== Data ==

※ ※ ※

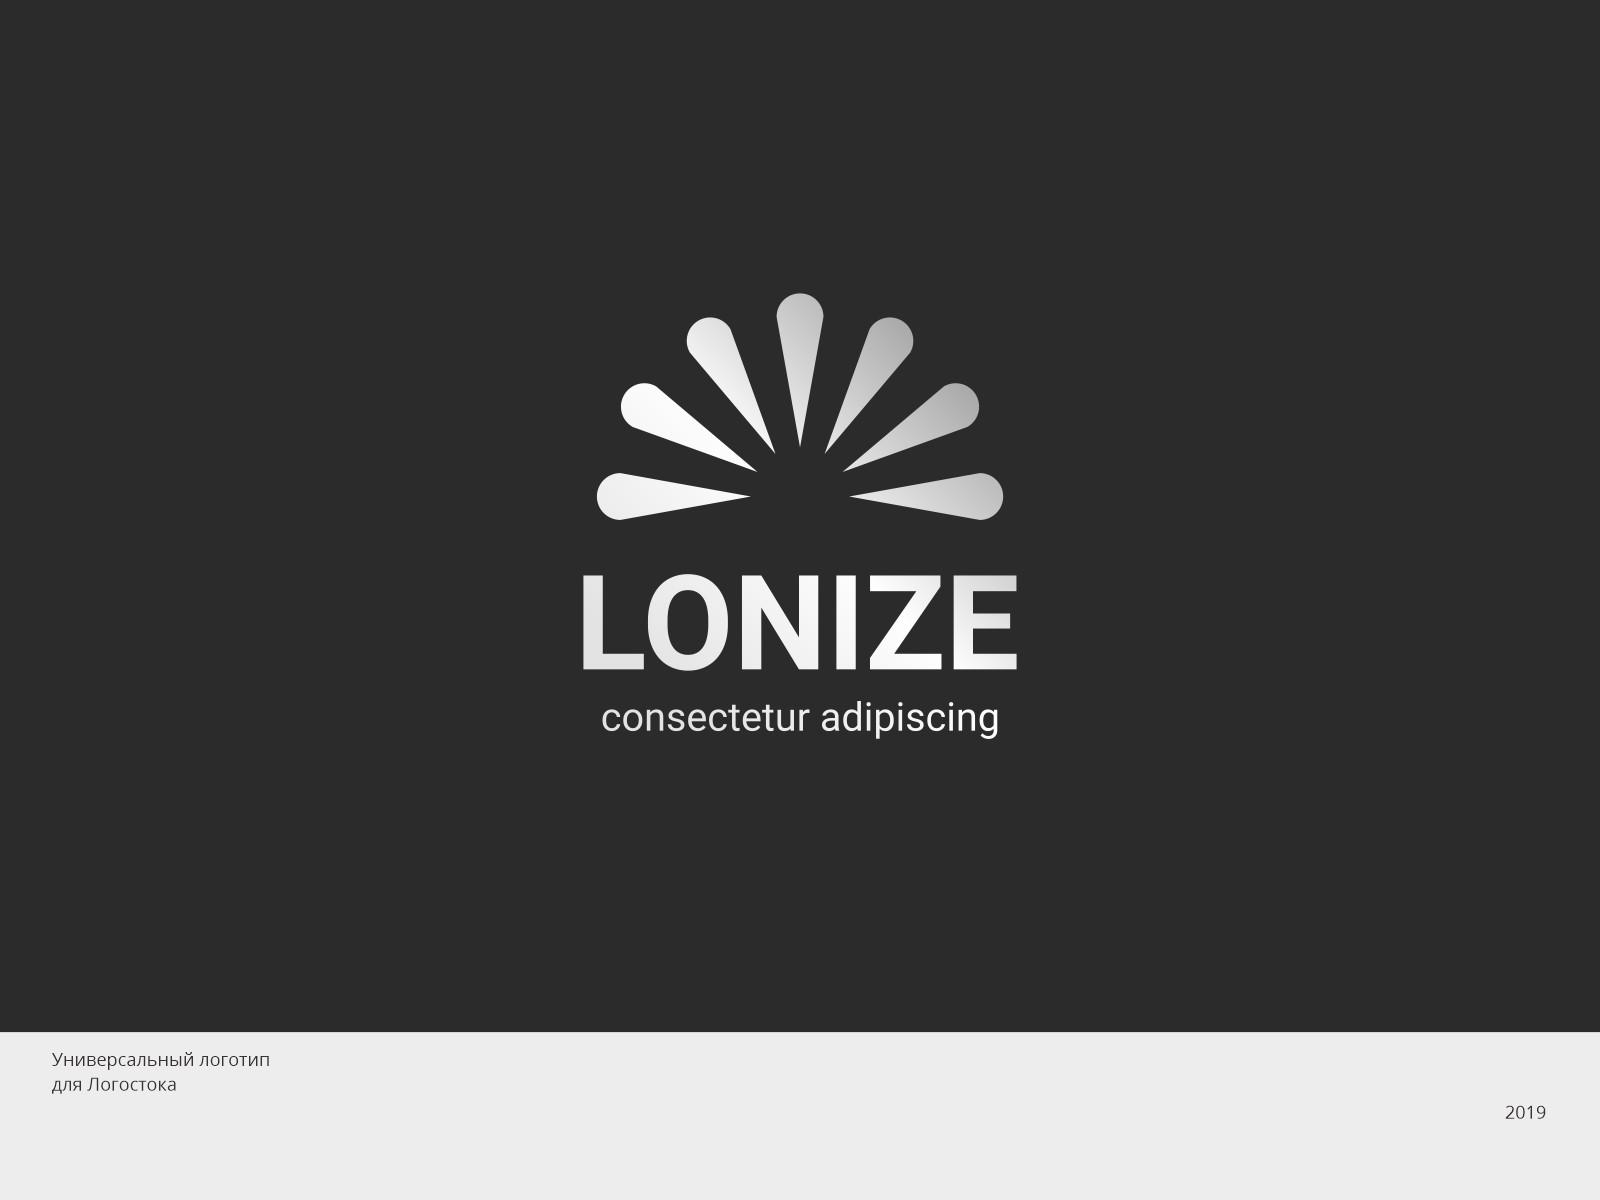 Логотип Lonize
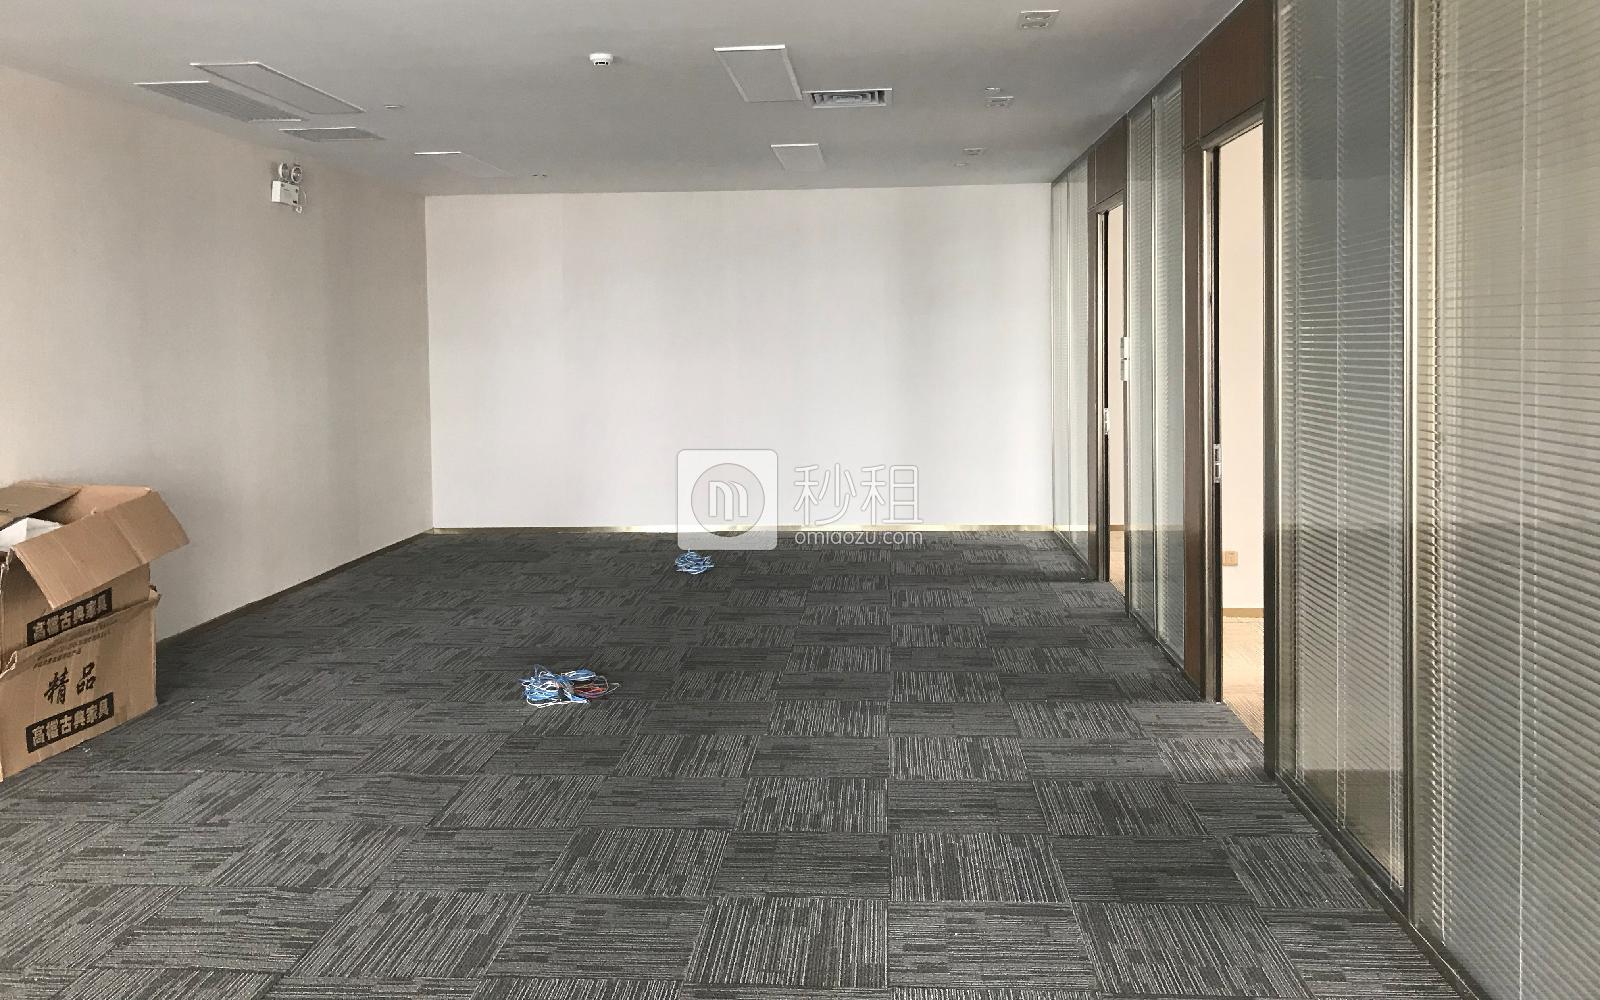 宝安-宝安中心区 龙光世纪大厦 180m²
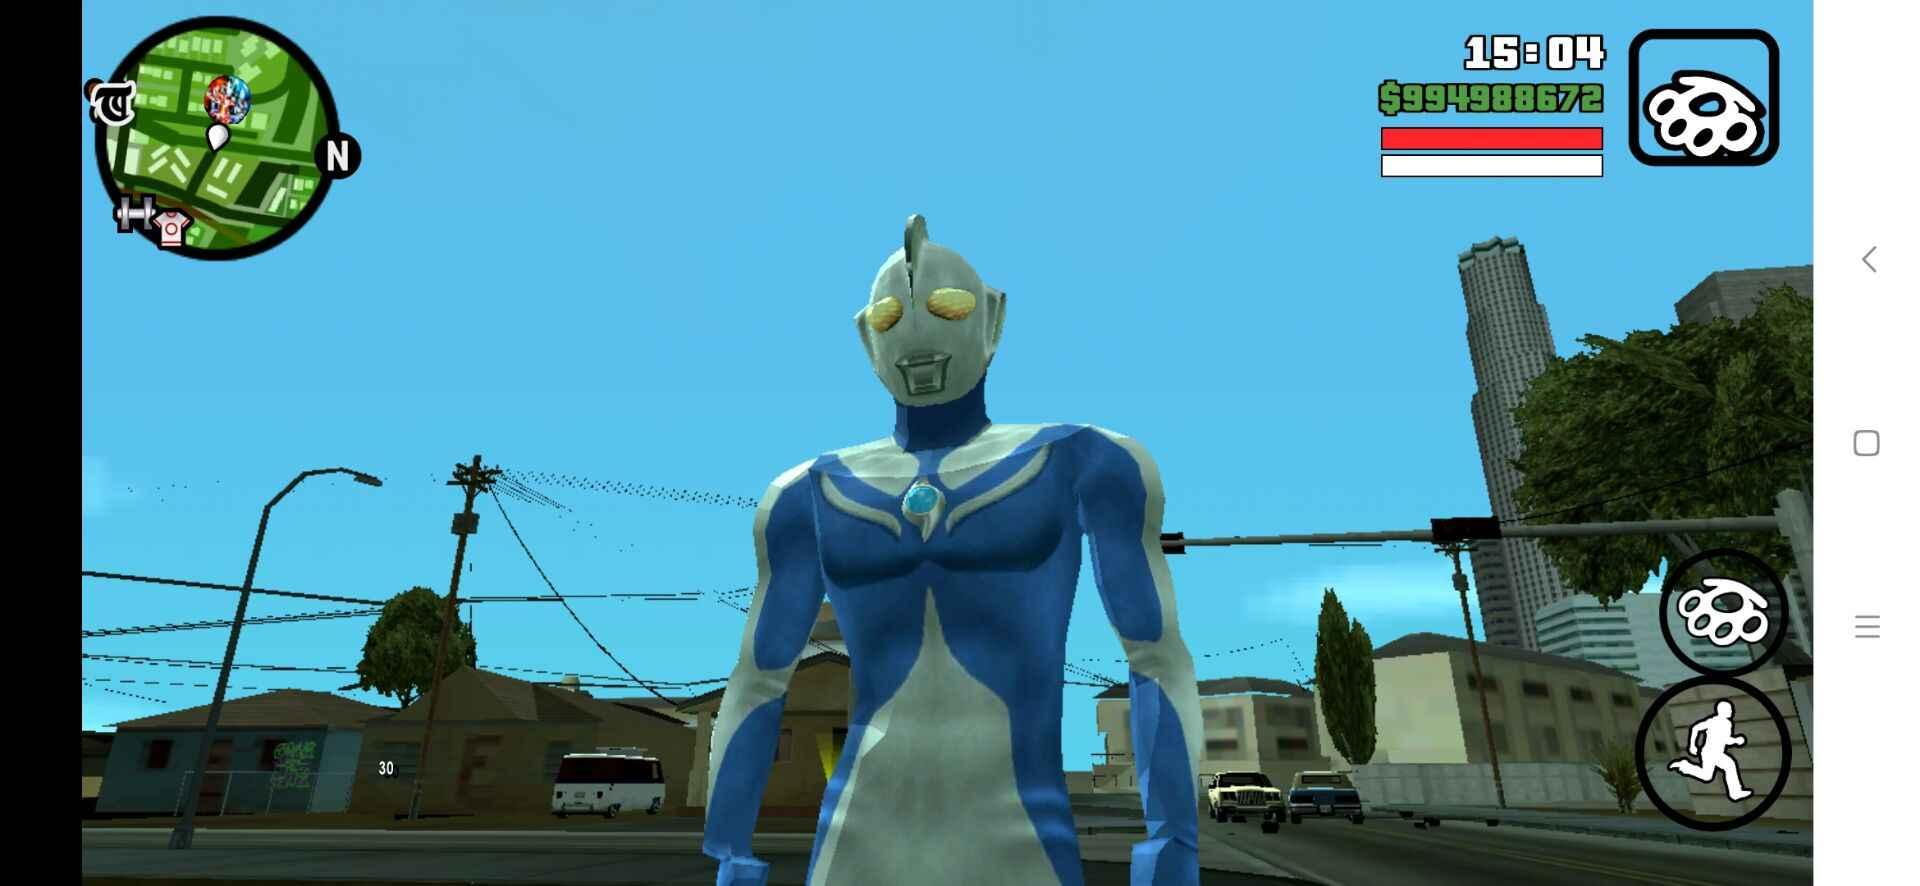 gtasa钢铁侠mod安卓版截图4
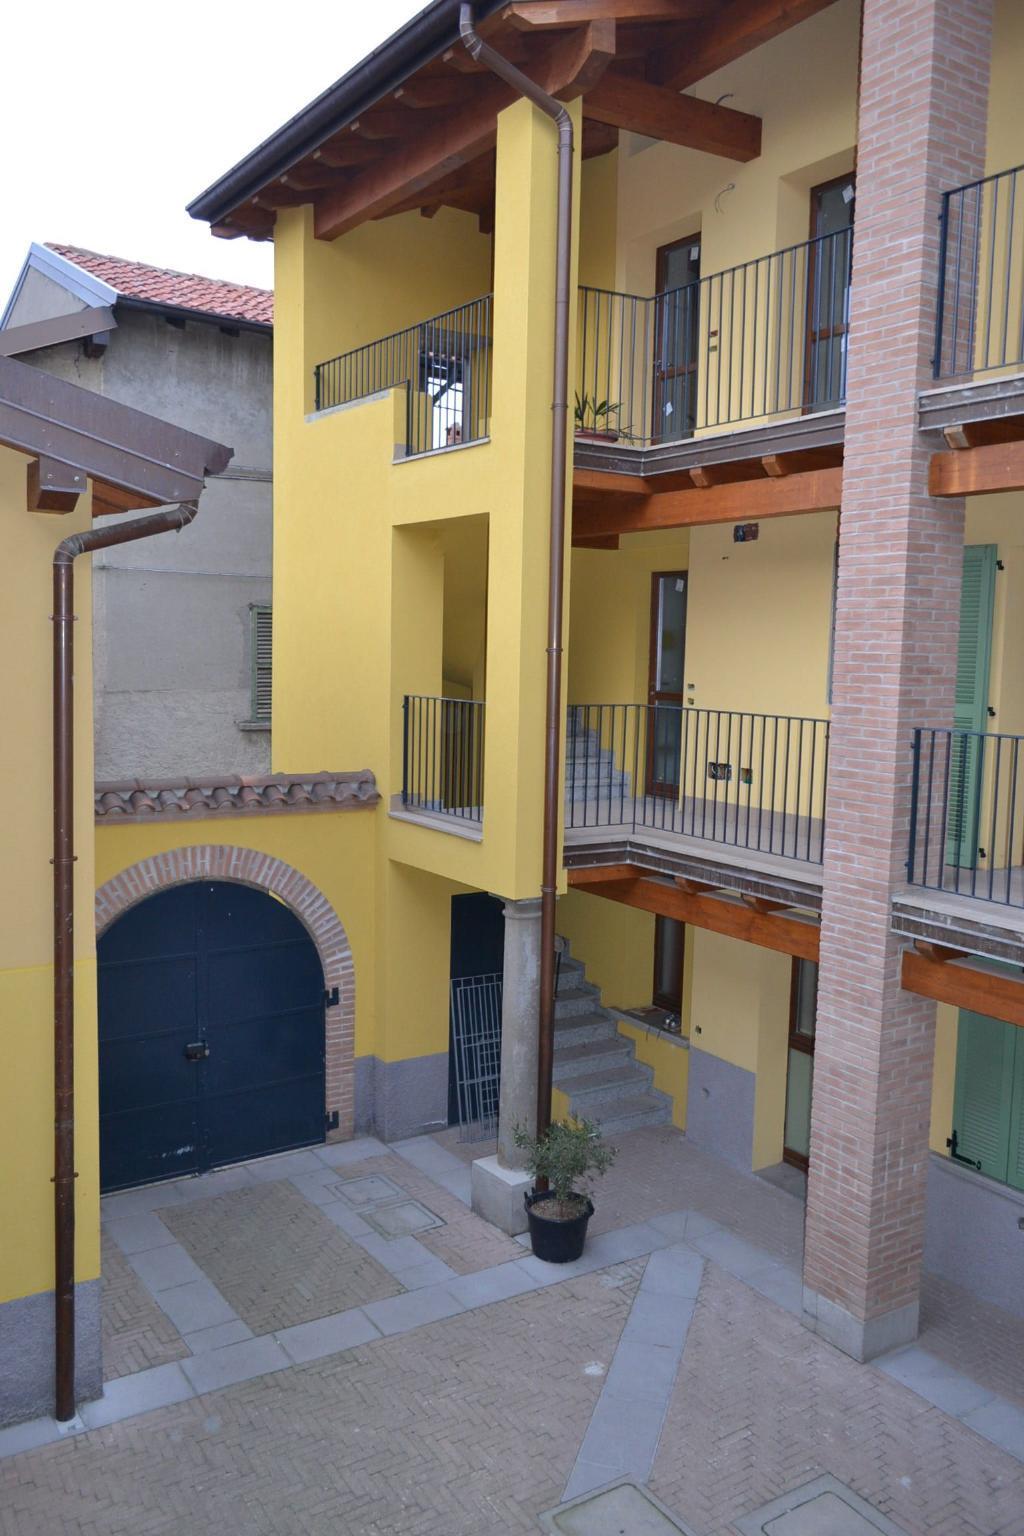 Appartamento in vendita a Mapello, 3 locali, zona Località: centro, prezzo € 85.000 | Cambio Casa.it

※ ※ ※

== Exercise brief ==
No pictures belong in the copy. Retype exactly, and only, the lines from the line containing "宝安-宝安中心区 龙光世纪大厦 180m²" through the last line of the data, both included.

== Exercise solution ==
 宝安-宝安中心区 龙光世纪大厦 180m²
 gtasa钢铁侠mod安卓版截图4
 Appartamento in vendita a Mapello, 3 locali, zona Località: centro, prezzo € 85.000 | Cambio Casa.it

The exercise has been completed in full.